Sylvain CharleboisIf anyone was still looking for signs that the power play between food brands and consumers is shifting, they got it last week.

Kraft Heinz Co. – the owner of major brands we’ve all bought for years like Oscar Mayer, Jell-O, Kool-Aid and Kraft Dinner – announced that it’s writing off US$15.4 billion worth of intangible assets.

Essentially, buyers overpaid for Kraft a few years ago. As a result, the company lost more than US$12.6 billion in the last fiscal year.

To make matters worse, the company is the subject of a U.S. Securities and Exchange Commission investigation.

Essentially, the company’s management expects its portfolio of brands to generate 25 per cent less in future earnings than it did just a few months ago. That’s a big drop in sales – and represents a lot of food.

To put this into perspective, more than US$12.6 billion worth of food at wholesale represents about 20 per cent of all the food bought at retail in Canada over a year.

Several reports hint at the decline of sales in the centre section of the supermarket – essentially, consumers are avoiding major national brands. And most of Kraft Heinz’s products are sold in that area of the food store.

It’s no secret that much of the business that traditionally went to food multinationals is going elsewhere. And companies like General Mills, Conagra, Hershey and Mondelez have adapted by acquiring health food manufacturers or changing their own products to make them more natural.

But the focus at Kraft Heinz has been on other issues.

Over the past decade or so, Brazilian giant 3G Capital has deployed ruthless cost-cutting measures to raise profits at Anheuser-Busch InBev, Burger King, Tim Hortons and Kraft Heinz. It’s used a method called zero-based budgeting, which requires that each expenditure be justified every year. That’s opposed to the traditional approach of adding a couple of percentage points to the previous year’s line items.

It was drastic but it worked – until now. Since the Kraft Heinz merger in 2015, most of the profits have come from cost-cutting measures.

Most spectacular is what happened to the Kraft Heinz marketing budget. The company, controlled by 3G Capital and Warren Buffett’s Berkshire Hathaway, is spending $1 billion less in advertising a year compared to 2015.

Kraft Heinz has also been combatting steep transportation and commodity costs. But some shareholders believe less marketing has led to brand equity erosion.

Over the last two years, Kraft Heinz shares have dropped by 60 per cent and the brand is now worth barely half of what it was in 2015, when Kraft and Heinz were united.

What the company may be realizing is that cutting costs without prejudice is no longer enough. It will need to make a case for its brands through more marketing or by reformulating recipes.

Regardless, Kraft Heinz will need to spend more, which is counterintuitive to management. And the anti-inflationary environment isn’t helping.

Amazon’s Whole Foods, Walmart, Costco and Target in the U.S. are all keeping processed food prices at historically low levels. There’s not much room, then, for Kraft Heinz to increase prices to support margins.

And given that grocers have all the data, they’re calling the shots and putting more pressure on vendors like Kraft Heinz.

Private labels are also a priority for many grocers, making access to shelf space a larger issue.

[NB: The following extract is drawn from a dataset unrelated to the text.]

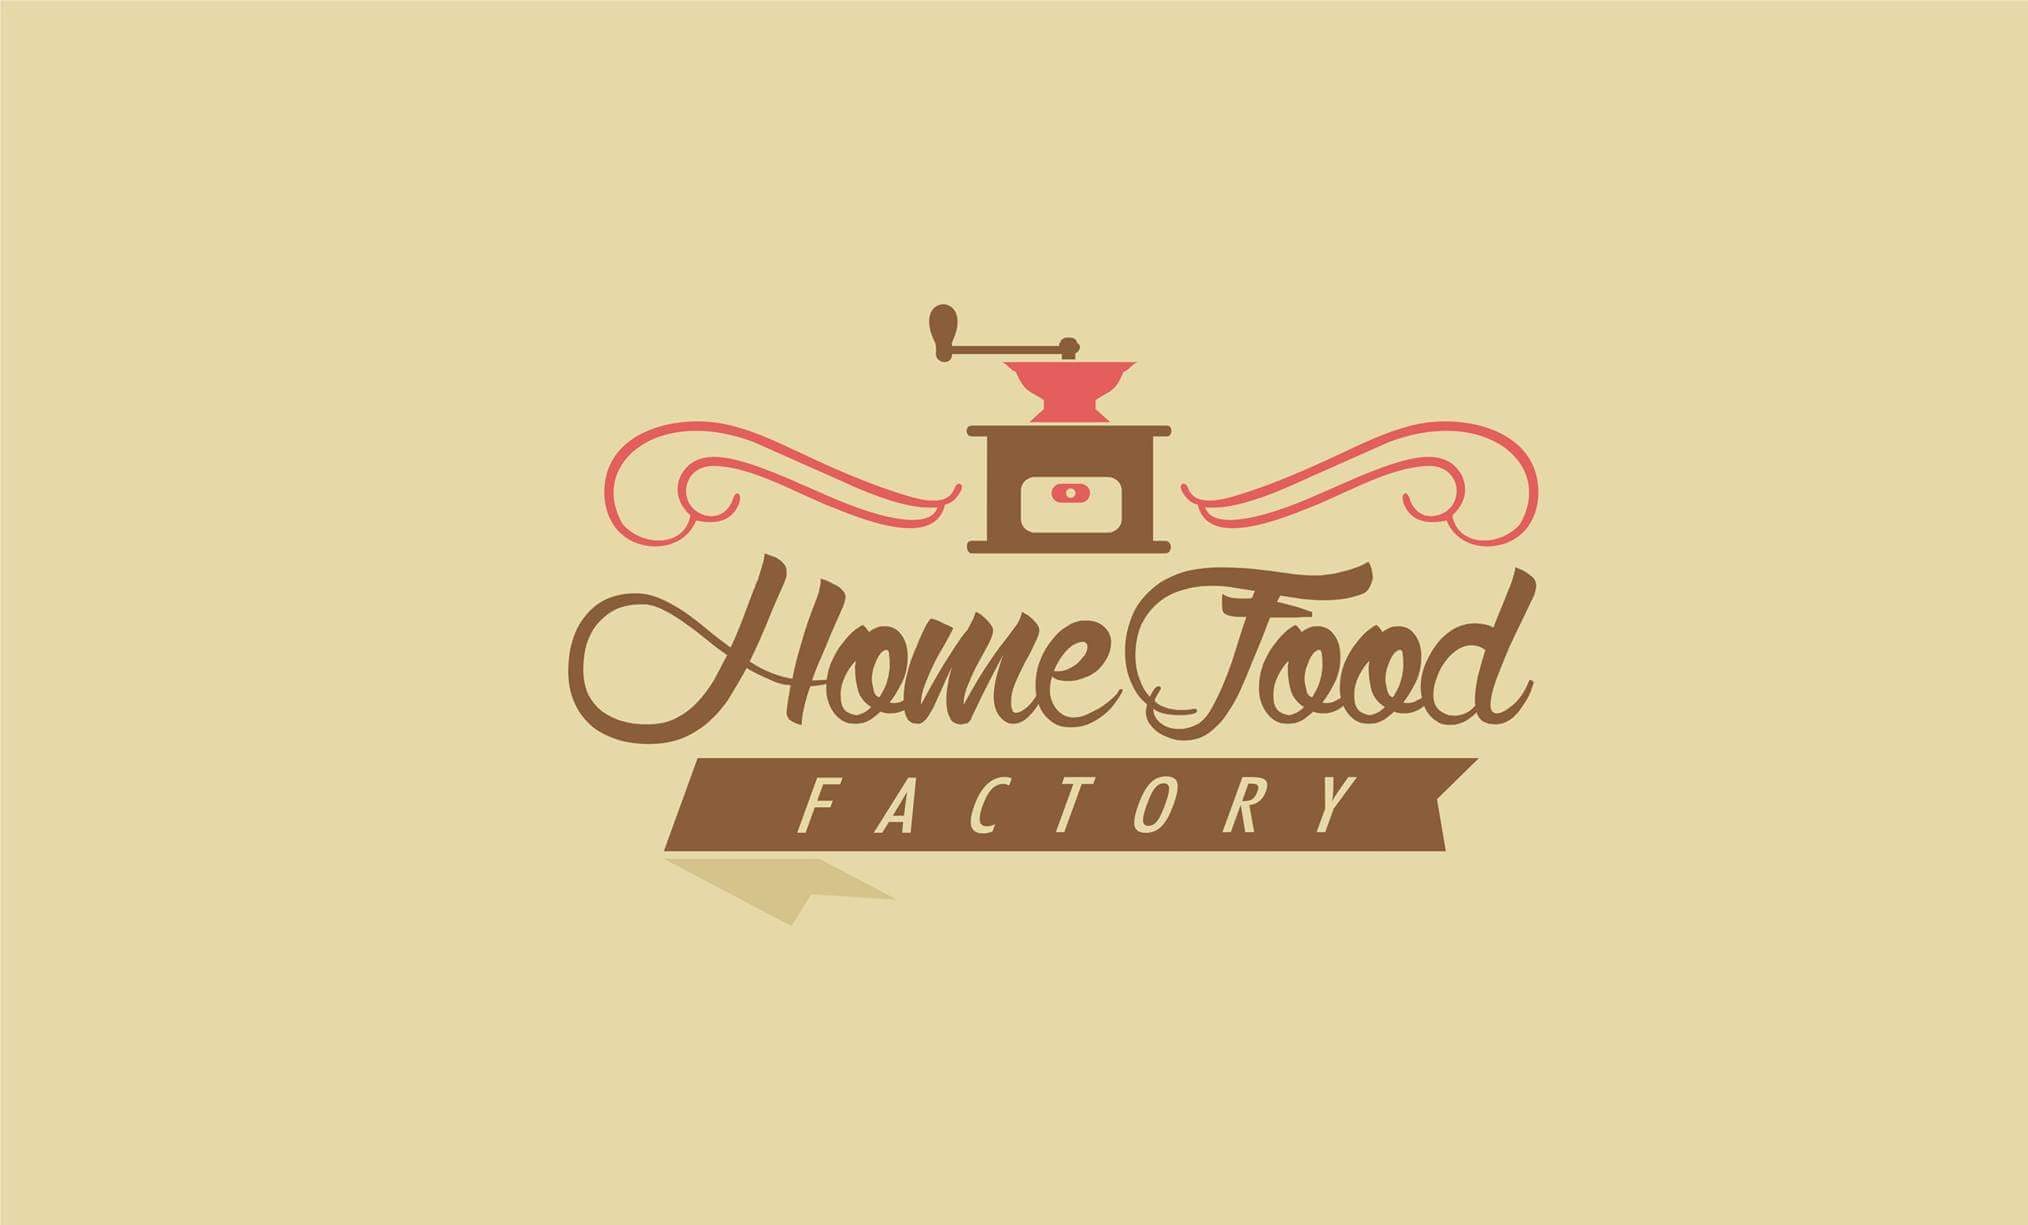 Home Food Factory

For example, sales of Costco’s private label Kirkland reached US$39 billion last year in a little over 700 retail outlets. That’s 70 per cent more than Kraft Heinz’s total sales during the same period.

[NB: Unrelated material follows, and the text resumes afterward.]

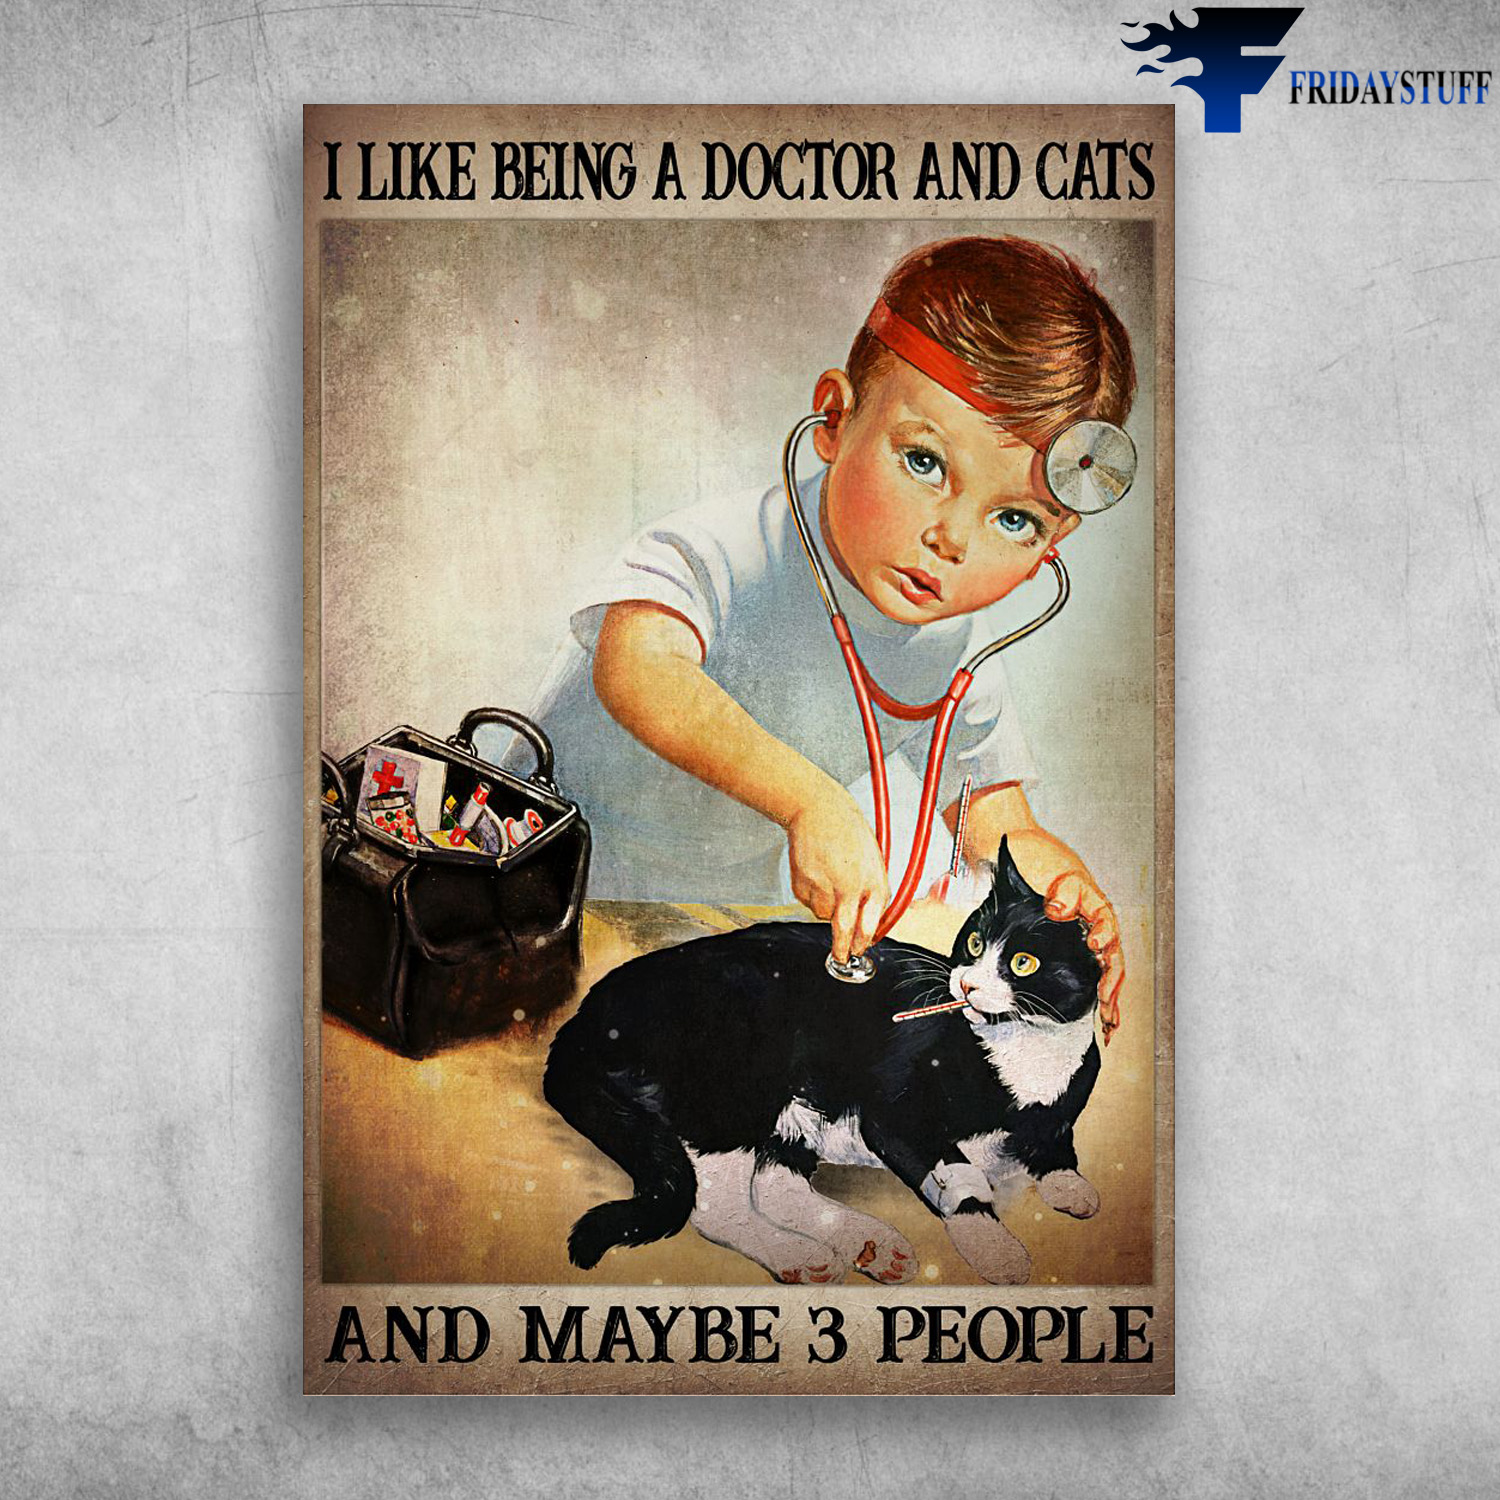 Boy Doctor And Cat - I Like Being A Doctor And Cats, And Maybe 3 People

As a backdrop to all of this is the moralistic view of today’s public health regulators.

Regulators, including Health Canada, are becoming more vocal and explicit about the perils of processed foods. This is a nightmare for companies like Kraft Heinz that have to navigate through a sea of growing public skepticism about their brands.

For decades, these behemoth companies have made millions by selling us convenient products that became part of our way of life. But today’s consumers – especially younger ones – want something different. Brands don’t mean much unless the company serves a larger, holistic purpose. The environment, health and other societal issues are important to consumers.

So Kraft Heinz and many other processed food giants are in trouble unless they respond with good strategies.

But perhaps what’s most shocking is the lack of foresight from Buffett, who was involved in the creation of the company. The Kraft Heinz experiment shows that the billionaire’s investment philosophy is vulnerable to sudden shifts in consumer trends.

If Buffett got it wrong, there’s likely not much hope for the rest of us. The North American marketplace’s unpredictability is the new normal.

Dr. Sylvain Charlebois is senior director of the agri-food analytics lab and a professor in food distribution and policy at Dalhousie University.